The intent to expand continuously to avoid termination reflections however is a characteristic of the flare as a whole and this is can be simulated and designed without having any idea of what the FTA is for any of the pieces. Of course you can design each of these segments with AT being a design parameter if you want as David showed, but that alone does not avoid termination reflections. You still have the simulate the entire horn as a whole to find out how it is going to perform. And this can be done without knowing the angle of any of the pieces. So again, FTA is only one small part of the puzzle (that can be completely ignored if you like) even in this example, and even then only if all the parts are round.
When it comes to bass horns as we have been discussing, they don't have a compression driver with a specific exit angle (the cone itself has an angle but it doesn't need to match the throat angle so it hardly matters), (usually) none of the segments are round and the mouth/baffle interface doesn't usually have or need to be a smooth transition. And even if the bass horn was round you have both the segment data AND the Horn Data export chart to figure out the segment end sizes so FTA is not really even useful.
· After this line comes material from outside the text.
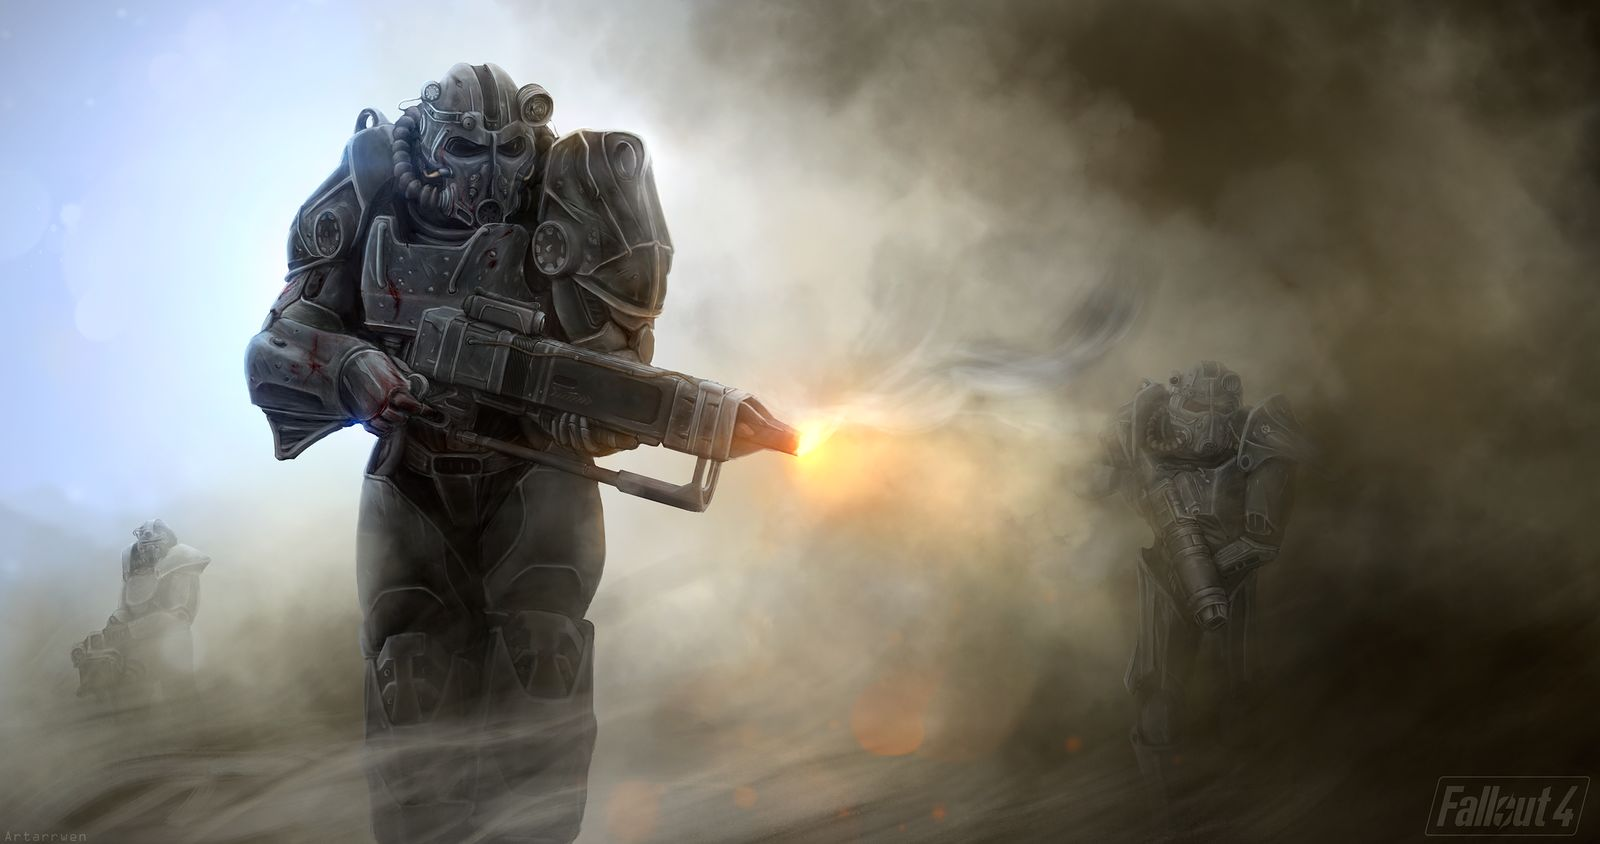 Fallout 4 art силовая броня

And not that this part matters since this is just an example, but you can't have a hyp/ex segment as a second segment in Hornresp. In fact if the first segment is OS you can't have a second segment at all, Hornresp won't allow it. If you want to include an extra radius at the mouth for a smooth baffle transition on an OS flare you can physically do that if you want but Hornresp won't let you simulate it so I'm not sure how FTA could even be useful information in that sense unless you were using it to program a lathe to make the piece.
I don't think there is, at least not without considering the flare as a whole. And since you can design the horn to provide the performance you want (including avoiding termination reflections) by specifying only segment type, length and cross sectional area at the ends without even knowing what angles are involved, I don't think FTA is really a primary design consideration.
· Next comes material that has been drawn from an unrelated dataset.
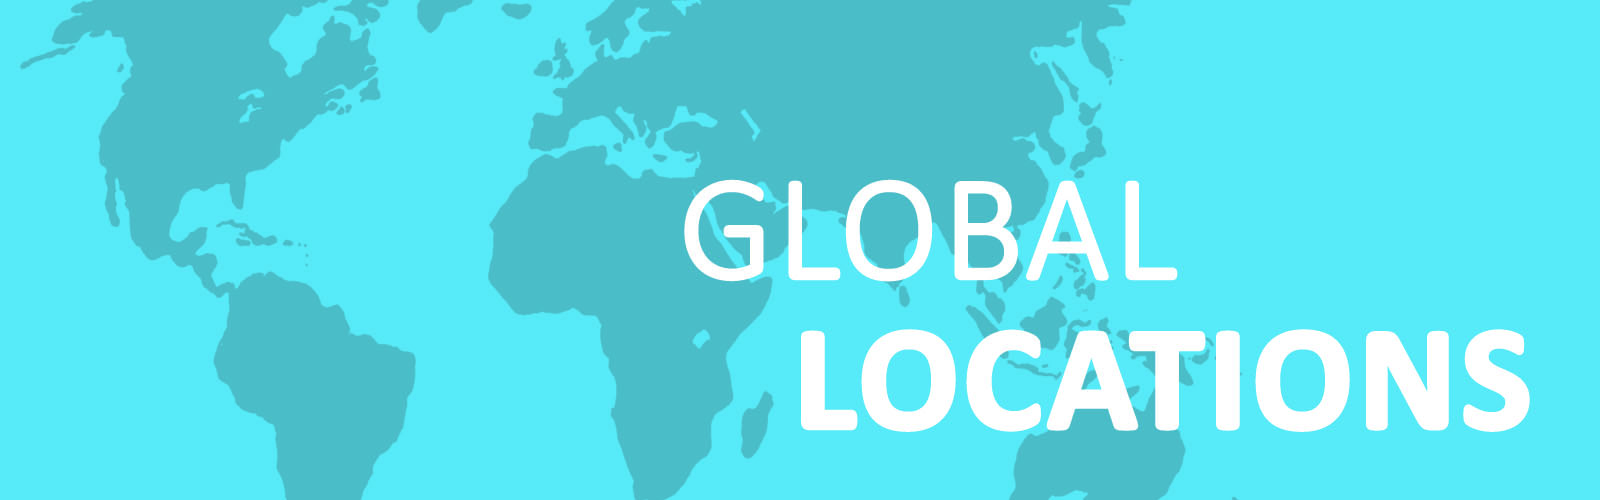 Global Locations - DOVE International

I don't see FTA as useful for much except matching entrance/exit angles of physical round pieces together. I could be wrong but I don't think so and no one has mentioned anything to dispute that yet.
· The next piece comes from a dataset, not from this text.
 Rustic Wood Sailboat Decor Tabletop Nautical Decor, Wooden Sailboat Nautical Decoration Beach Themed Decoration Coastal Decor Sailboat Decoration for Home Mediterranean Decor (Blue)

Just to clarify, in a horn loudspeaker system the enclosed chamber behind the driver is more generally called the "rear compression chamber", or simply, the "compression chamber". In Hornresp the enclosed rear chamber is specified by parameters Vrc and Lrc. The rear chamber can be useful for reactance annulling. Although the throat chamber acts as an acoustical filter it is not usually specifically called a "filter chamber". In Hornresp, the throat chamber is specified by parameters Vtc and Atc.
If reactance annulling is characterized by obtaining the most possible output at the low knee and equalizing the pressures on both sides of the cone then it's not possible for true reactance annulling to happen until the horn gets very large, close to ideal full size for the low knee frequency.
I have seen reactance annulling referred to in reference to less than ideal full size front loaded horns and even in reference to tapped horns but I would challenge anyone to submit any type of horn design smaller than an ideal full size horn that provides max sensitivity at the low knee and equalizes pressure on both sides of the cone. As far as I know it can't be done so it's not possible to consider them reactance annulled.
Just a couple quick examples.
First we have the small 568 liter flh that I simulated early on in this thread (left) and a full size ideal reactance annulled horn on the right. (The "ideal" horn has a throat and rear chamber size that are too small to be practical but this is a stunning example of reactance annulled pressure cancellation so I chose to show it anyway.)
Looking at the full size horn the frequency response is flat down to the low knee so we know sensitivity at the low knee is fantastic. Second graph, efficiency is also outstanding at almost 70 percent at the low knee. Third graph, pressure on the front of the cone vs rear of the cone overlaid, shows almost perfect pressure cancellation of the pressure spike at the low knee. Fourth graph is total pressure, showing that huge pressure spike on both sides of the cone almost perfectly cancels.
Now looking at the small horn on the left, sensitivity at the low knee is low, efficiency is laughable at about 2 percent at the low knee, the pressures on either side of the cone are not the same (8300 pascals on the throat side and 4300 pascals on the rear chamber side at the low knee pressure peak) AND don't peak at exactly the same frequency. There's a bit of pressure cancellation as shown in the total pressure graph but not a whole lot because the pressure peaks are too different in amplitude and not peaking at the same frequency.
Second example - one of the tapped horns from this thread (left) vs a different full size flh (right).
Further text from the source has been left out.